Review and assess vendor documentation and executed testing (e.g. FAT, SAT) for adherence to GMP and project requirements.
Lead and participate in development and execution of complete verification documentation in accordance with Pfizer Quality Standards, cGMP requirements, and approved verification requirements / strategy related to the assigned work stream.
Collaborate with other work stream leads to ensure effective integrated verification strategy of integrated systems and equipment.
Provide or arrange for development of complete verification documentation in accordance with Pfizer Quality Standards and cGMP requirements for assigned work stream.
Collaborate with matrix organization to optimize Change Control implementation and management.
Maintain a working familiarity with current industry best practices and cGMP requirements. Maintain technical skills in the latest techniques for project management and pharmaceutical processing technology.
Assist C&V Lead with the preparation of C&V status reports: include descriptions, justifications, cost estimates, budgets, schedules, analysis of alternatives, verification requirements, and other required information.
Requirements
Must be willing to work onsite in Kalamazoo, MI
Bachelor of Science in Technical Field (engineering, life science, or equivalent) from accredited institution.
Minimum 4 years technical experience, 10+ preferred.

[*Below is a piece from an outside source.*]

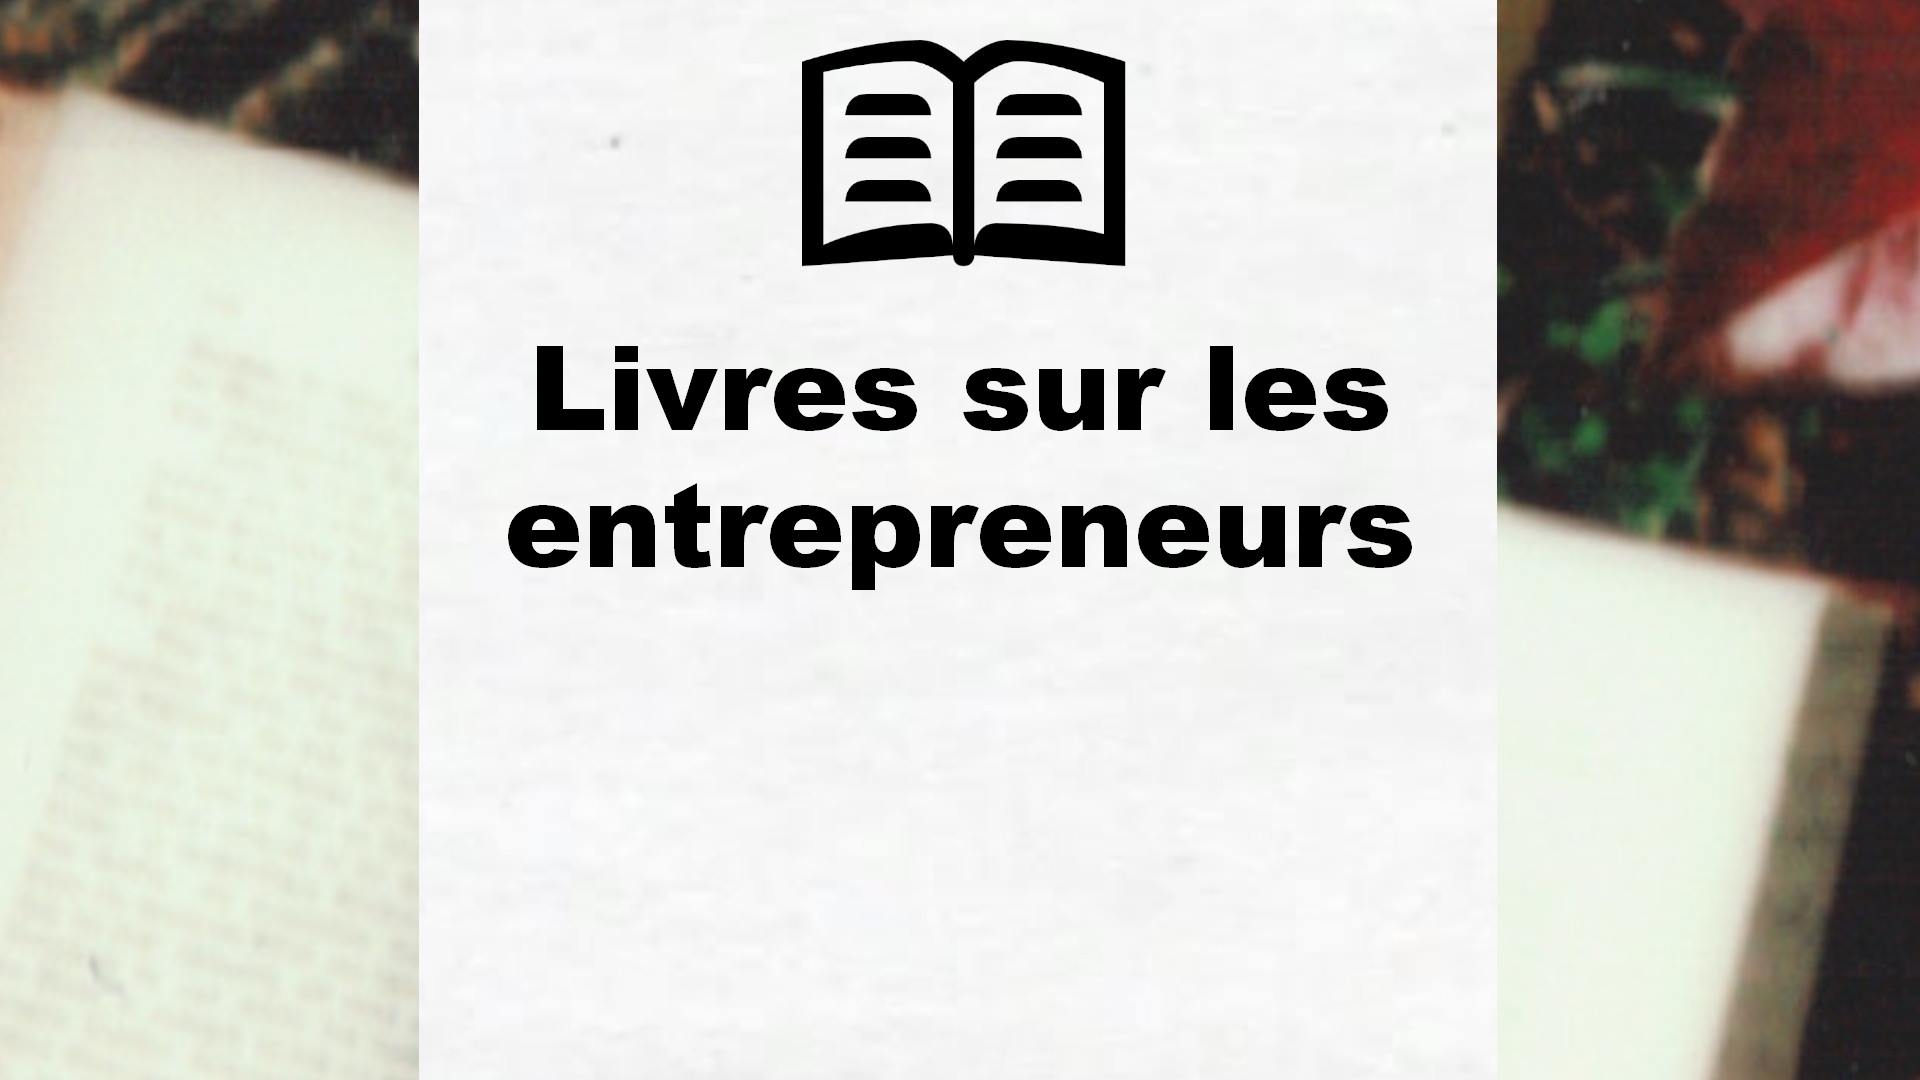 Livres sur les entrepreneurs

Experience in a pharmaceutical / FDA-regulated manufacturing environment. A solid working knowledge of cGMP and facility/equipment validation requirements.

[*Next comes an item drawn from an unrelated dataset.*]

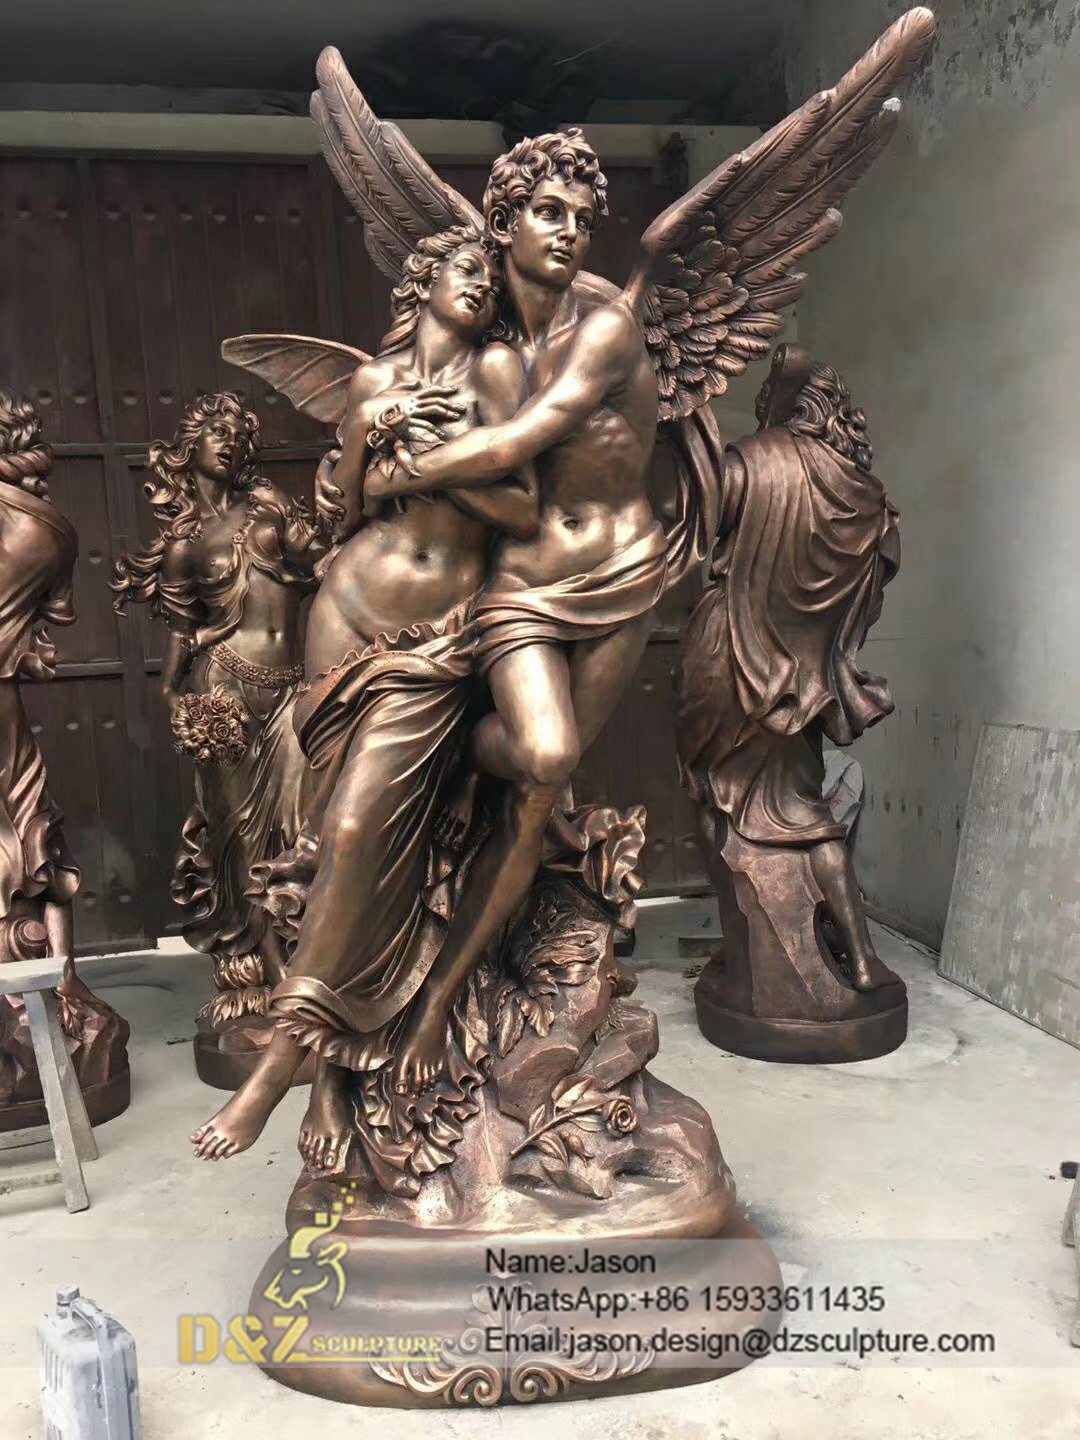 Sculpture of men and women

Communication Skills: Excellent oral and written communication skills, including presentations.
Ability to write clearly, concisely, and persuasively in a professional environment.
Demonstrated ability to interact effectively with all levels of the organization.
Demonstrated understanding of risk-based approach to commissioning & qualification.
Experience with testing of automated manufacturing equipment / systems (e.g., PLC-controlled).
Outgoing personality with strong ability to communicate effectively with peers in clear, concise terms
Ability to work as part of a team
Strong problem-solving and critical thinking skills
Excellent organizational and time management skills
Strong attention to detail
GMP and Good Documentation Practice
Intermediate skills with WORD (authoring/editing large technical documents with styles, tables, TOCs, track changes)
Basic skills with EXCEL and PowerPoint
Strong interpersonal skills and clear communication capabilities
Experience with and tolerance for high levels of challenge and change
Experience in GMP regulated environment
Proven attention to detail and organization in project work
Capable of working on assigned tasks without mentorship
Benefits
Why Choose Verista?
High growth potential and fast-paced organization with a people-focused culture
Competitive pay plus performance-based incentive programs
Company-paid Life, Short-Term, and Long-Term Disability Insurance.
Medical, Dental & Vision insurances
FSA, DCARE, Commuter Benefits
Supplemental Life, Hospital, Critical Illness and Legal Insurance
Health Savings Account
401(k) Retirement Plan (Employer Matching benefit)
Paid Time Off (Rollover Option) and Holidays
As Needed Sick Time
Tuition Reimbursement
Team Social Activities (We have fun!)
Employee Recognition
Employee Referral Program
Paid Parental Leave and Bereavement
For more information about our company, please visit us at Verista.com (https://apply.workable.com/verista/)
For US geography, the salary range for this position is shown below. The actual salary is dependent upon a variety of job-related factors such as professional background, training, work experience, location, business needs, market demand, and competitive market practice. Therefore, in some circumstances, the actual salary could fall outside of this expected range. This salary range is subject to change and may be modified in the future.
$85,000 - $129,826
*Verista is an equal opportunity employer.